В декабре, когда Ринат только уехал в деревню, и мои муки совести были особенно остры, знакомая предложила сыграть в новогодней постановке для детского дома. В коллективе волонтёров, где она состояла, «снегурочка» внезапно слегла с бронхитом. Я тогда не стала отказываться, да так и примкнула к ребятам. Изначально дела не особо клеились, я слабо понимала, зачем мне лезть в чужие проблемы. Нередко хотелось плюнуть на всё, смачно послав столь несвойственный мне альтруизм к чёртовой бабушке.

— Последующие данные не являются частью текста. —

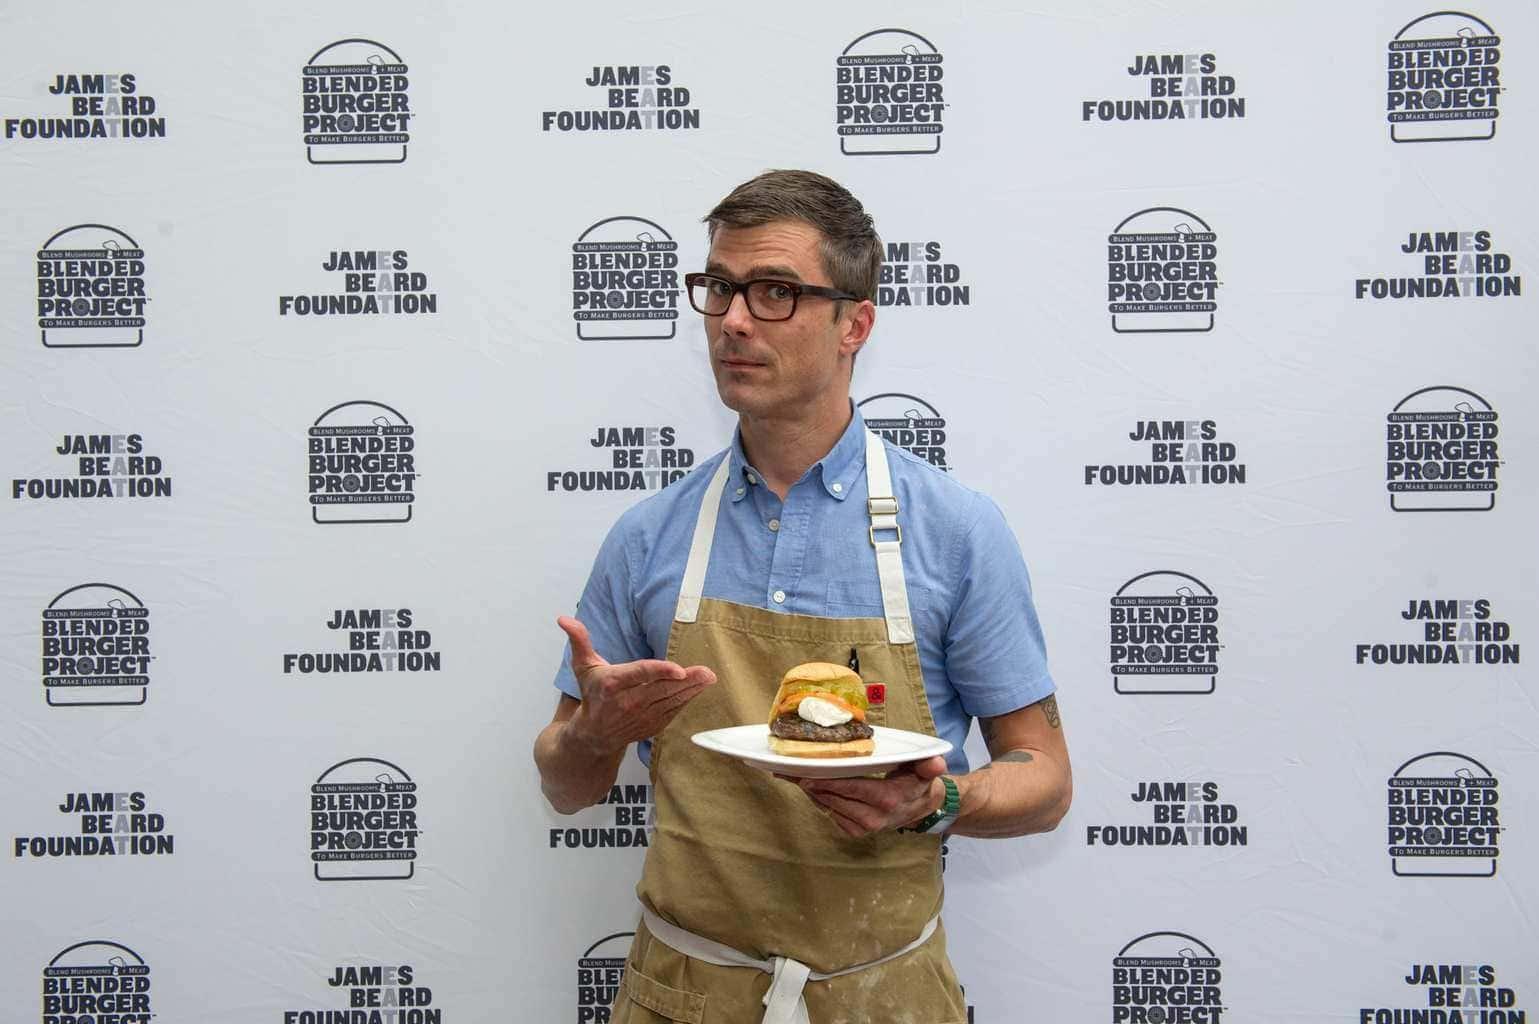 James Beard Foundation's Blended Burger Project

Оказывается, довольно сложно сохранять невозмутимость под натиском детских вопросов: «А где моя мама?», «Когда ты меня усыновишь?», «Возьми меня к себе домой», «Мне здесь плохо». Пришлось учиться держать границы общения, не позволяя собою манипулировать, пресекать попытки некоторых воспитанников бить на жалость, направленные на одно — развести доверчивую тётю на деньги. Не все были такими, но вымогателей всё равно хватало. Вот только я никогда не была доверчивой, наверное, потому и влилась так безболезненно в это непростое дело. Каждый раз, встречаясь с десятками полных злой обиды глаз, глядя в не по-детски настороженные лица, я, прежде всего, узнаю в них былую себя. Слышу в их словах свои недавние постулаты. И твёрдо понимаю — с ними нужно делиться своим светом. Он им жизненно необходим, чтобы научиться впускать в себя счастье. Нельзя пестовать злость в своём сердце, иначе станешь её марионеткой, и в один прекрасный день она обязательно разрушит до основания всё, что было дорого.